The two-sides approach creates a need to find spokespersons to represent “the other side,” even if it is a widely discredited position. For example, as Ross Gelbspan demonstrated in his book The Heat Is On, there is widespread agreement among experts and ample scientific evidence about the reality of global climate change, yet some Americans still consider this issue “controversial” because any article or program about it includes the same few fringe researchers who question its reality based on dubious research paid for by the fossil fuel industry.  …..

All individuals have a right to say what they want, but universities have no obligation to amplify the message of any particular individual by providing a platform and the credibility implied by the invitation to speak. On the contrary, all members of a university community have a responsibility to ensure that the halls of learning do not become an echo chamber for the spread of disinformation in the name of free speech.

To justify preventing disinformation from being heard, you must first prove it is disinformation. When Tannen cites Gelbspan as proof of skeptic scientists’ disinformation and Gelbspan himself never proves those skeptics were paid and instructed to lie and fabricate false reports, Tannen becomes hopelessly stuck with the appearance of attacking the motives and character of critics who oppose something she belies is true, but cannot prove is true. By citing both Tannen and Gelbspan (as I detailed in my prior post here), Hoggan takes on the same damaging appearance.
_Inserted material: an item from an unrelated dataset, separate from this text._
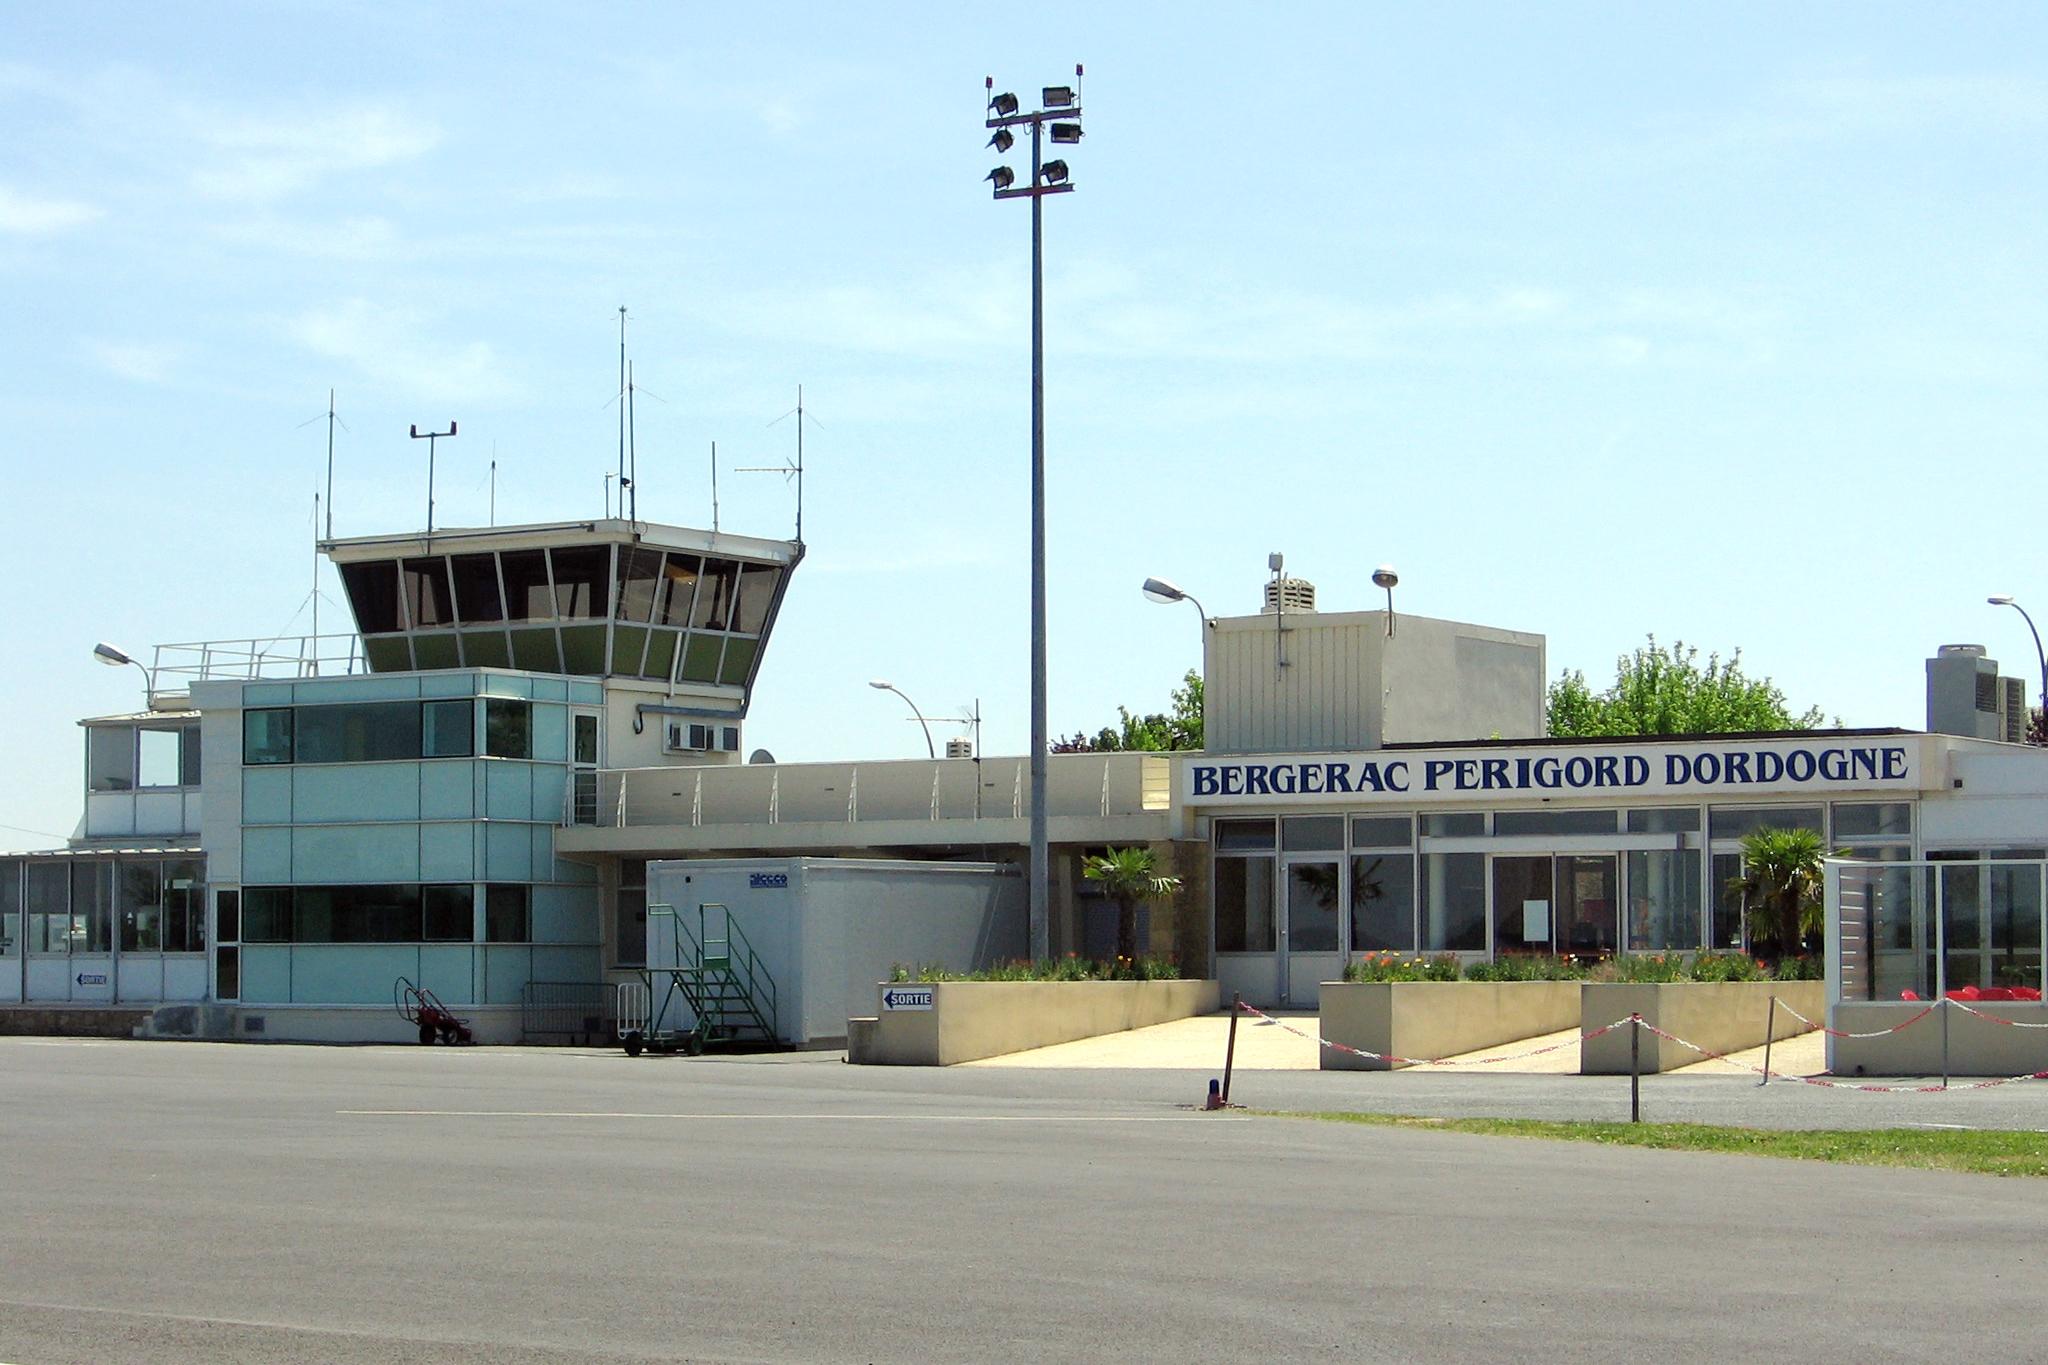 Aéroport de Bergerac-Dordogne-Périgord

All paths lead to Gelbspan, and neither Hoggan nor Tannen are the least bit qualified to say skeptics’ research is “dubious” or “disinformation.” Yet Tannen, Hoggan, and Gelbspan use exactly the kind of disinformation they themselves imply is an unacceptable tactic, in order to support a side of the global warming issue that apparently cannot stand on its substantive claim but instead feels a compulsion to silence its critics by calling them ‘shills working for the fossil fuel industry.’ Accusing skeptic scientists of venal motivations sure makes it easy for all three – and arguably all others repeating those accusations – to dismiss skeptics’ valid criticism, doesn’t it?